__Activity__.
Return the stretch from the line with "贺诗晗的满月酒(七律)_图1-6" through the line with "帝国主義で出来ているパール[Shiseido] 資生堂これまでブルームボディクリーム(30ミリリットル) - Shiseido" in the data below, character for character, skipping all pictures.

__Data for the task__.
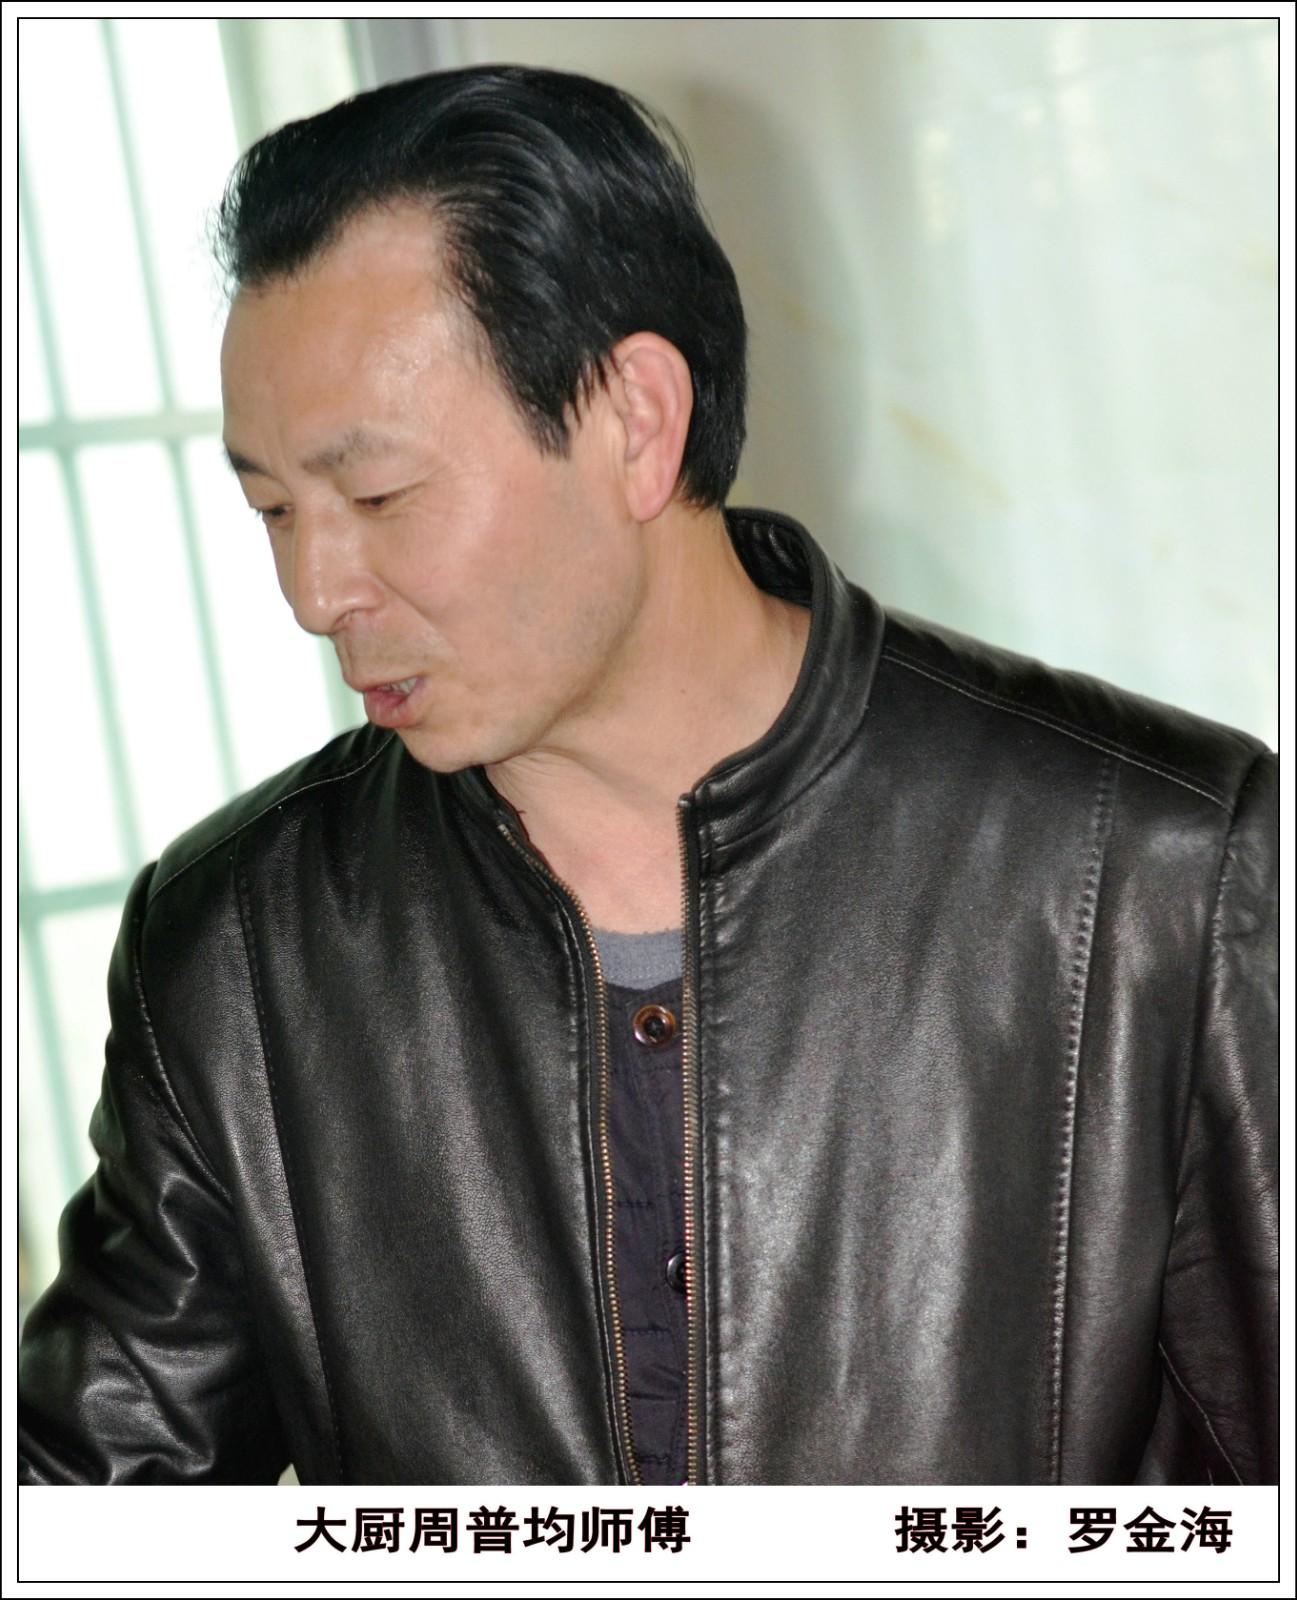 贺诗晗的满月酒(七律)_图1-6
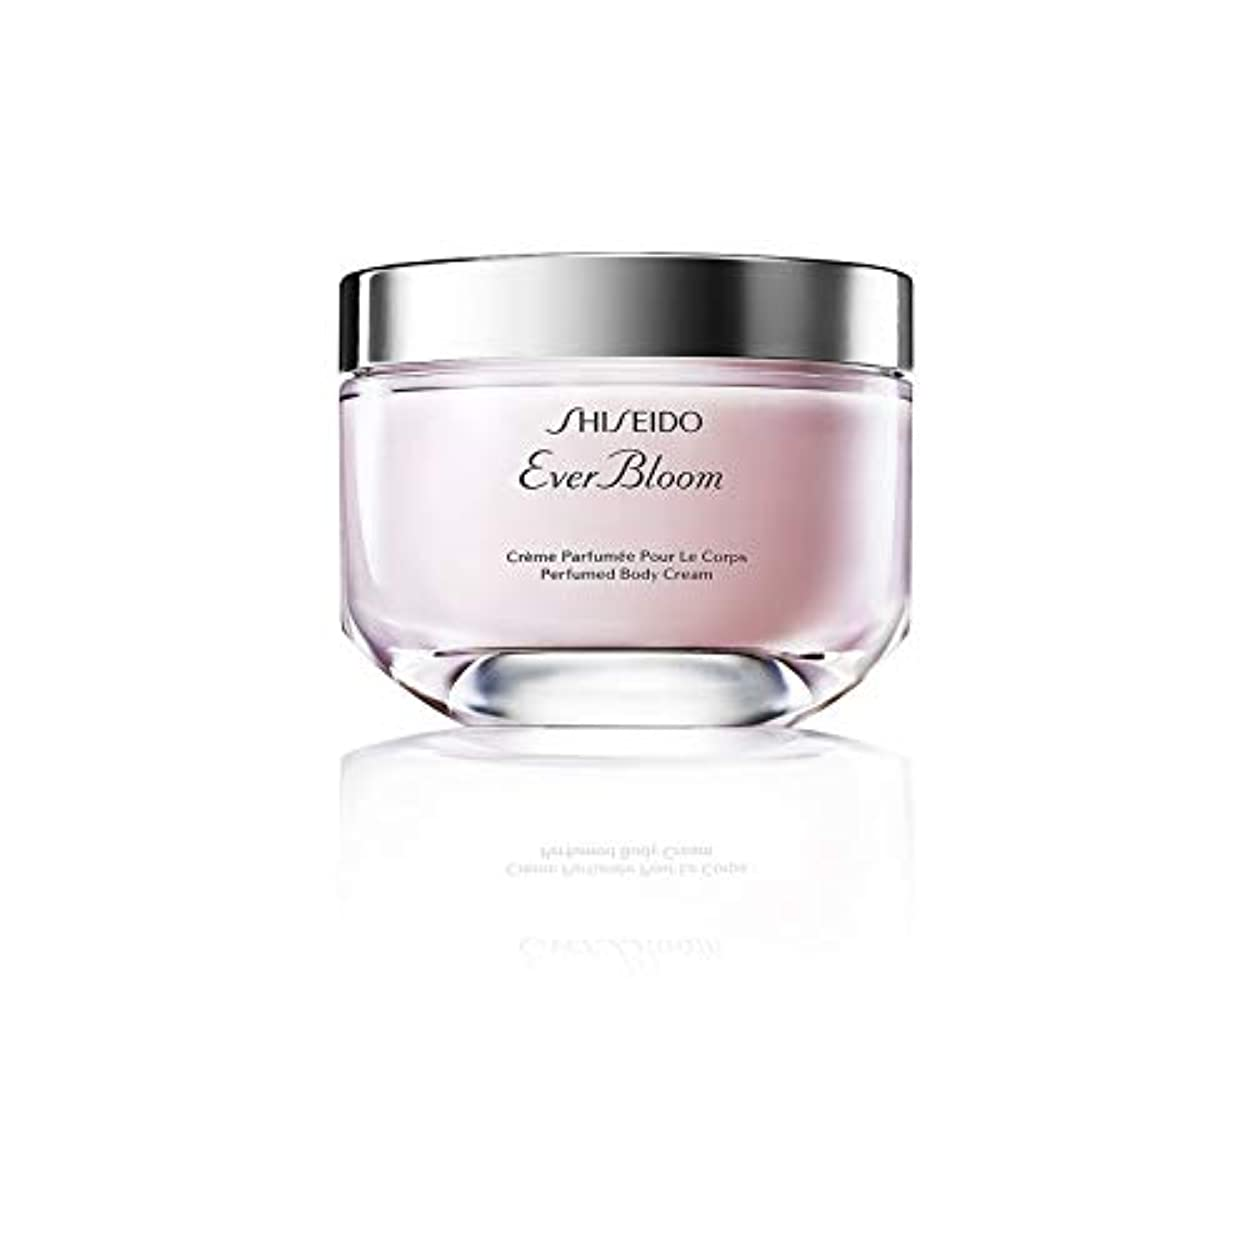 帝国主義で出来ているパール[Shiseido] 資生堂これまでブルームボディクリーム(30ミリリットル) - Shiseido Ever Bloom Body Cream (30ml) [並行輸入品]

==

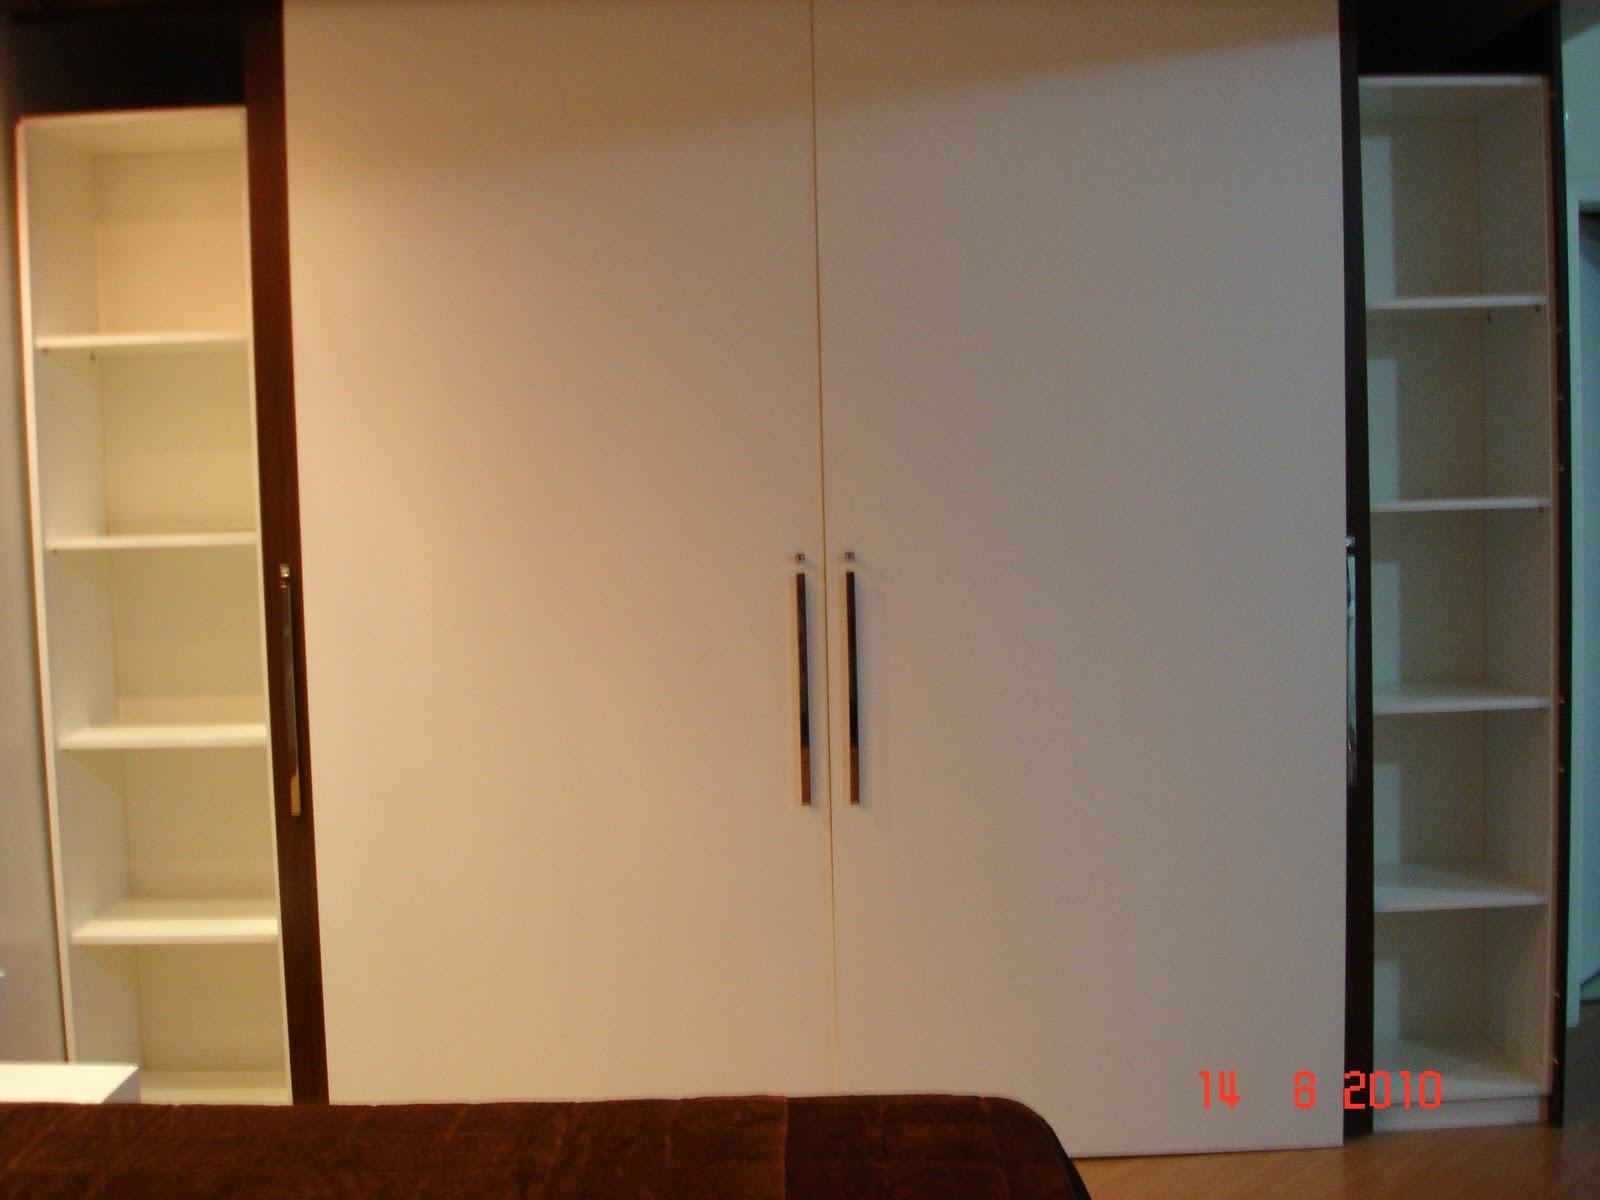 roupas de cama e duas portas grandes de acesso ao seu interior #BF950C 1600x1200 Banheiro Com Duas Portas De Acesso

...

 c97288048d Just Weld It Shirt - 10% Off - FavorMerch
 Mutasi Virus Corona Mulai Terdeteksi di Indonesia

__Answer space__.
 贺诗晗的满月酒(七律)_图1-6
 帝国主義で出来ているパール[Shiseido] 資生堂これまでブルームボディクリーム(30ミリリットル) - Shiseido Ever Bloom Body Cream (30ml) [並行輸入品]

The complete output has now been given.